In the field of industrial heating, thermal oil heater has become the first choice of many enterprises by virtue of its high efficiency and stability. It uses thermal oil as a heat carrier, can be driven by electricity, fuel oil, gas, coal and other energy sources. So, how exactly does this particular industrial heating equipment operate? In this article, we will analyze the working principle of thermal oil heater, to open the mystery of its efficient heating.
Heat transfer oil furnace, also known as organic heat carrier furnace or thermal oil heater, is a forced liquid phase circulation of the special industrial furnace. During its operation, the circulating oil pump pushes the thermal oil to circulate in the system, transferring the heat energy to the heat-using equipment and then returning to heat it, forming a complete circulating heating system. This kind of heating method does not need to produce steam, and can realize high temperature heating under low pressure, which is much safer than the traditional steam boiler.
Fuel supply system is the foundation of stable operation of heat transfer oil furnace, which contains excavator, fuel hopper, conveyor belt, screw conveyor and other equipments. These equipments realize the quantitative and dynamic supply of fuel through automatic control.
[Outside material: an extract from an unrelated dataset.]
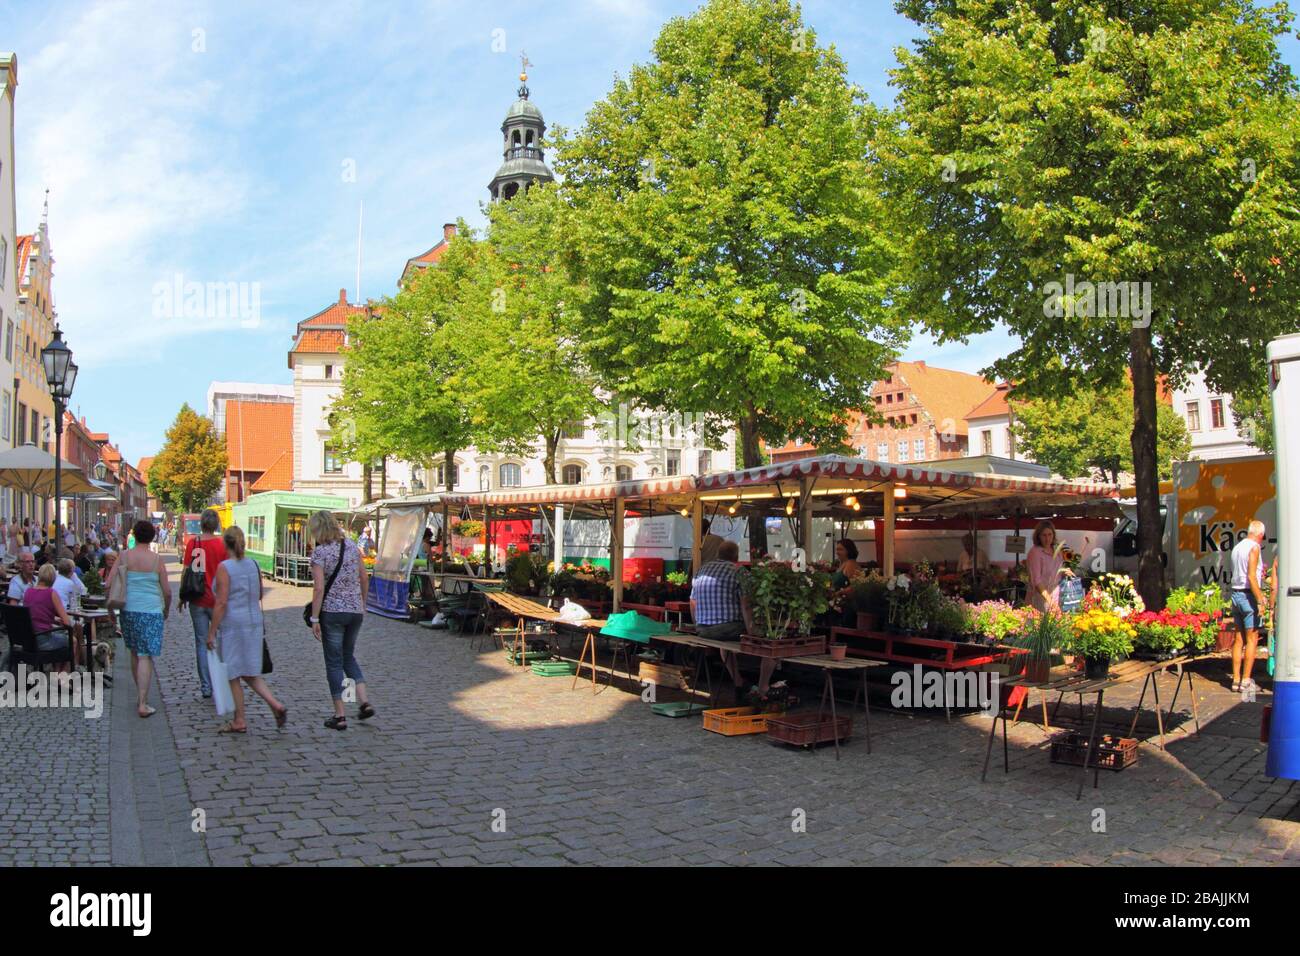 Deutschland - 27. Juli 2013: Markt neben dem Rathaus in Lübeck, Marktplatz. Wochenmarkt für frische und hochwertige Produkte. Zu sehen ist die Anlage Stockfoto

Meanwhile, the weighing device in the system can accurately measure the fuel consumption to ensure the heating efficiency.
The chain grate combustion chamber is the core area of heat generation. Fuel is stored in the front hopper and then fed evenly into the combustion chamber through the chain grate. The grate is driven by the front and rear shafts, and runs continuously under the drive of the gearbox, gradually feeding the fuel into the combustion area. At the same time, air enters from the back of the combustion chamber and comes into full contact with the fuel through the bottom air chute to ensure full combustion. The high temperature flue gas produced by combustion will rise to the top of the furnace body to heat the heat transfer oil.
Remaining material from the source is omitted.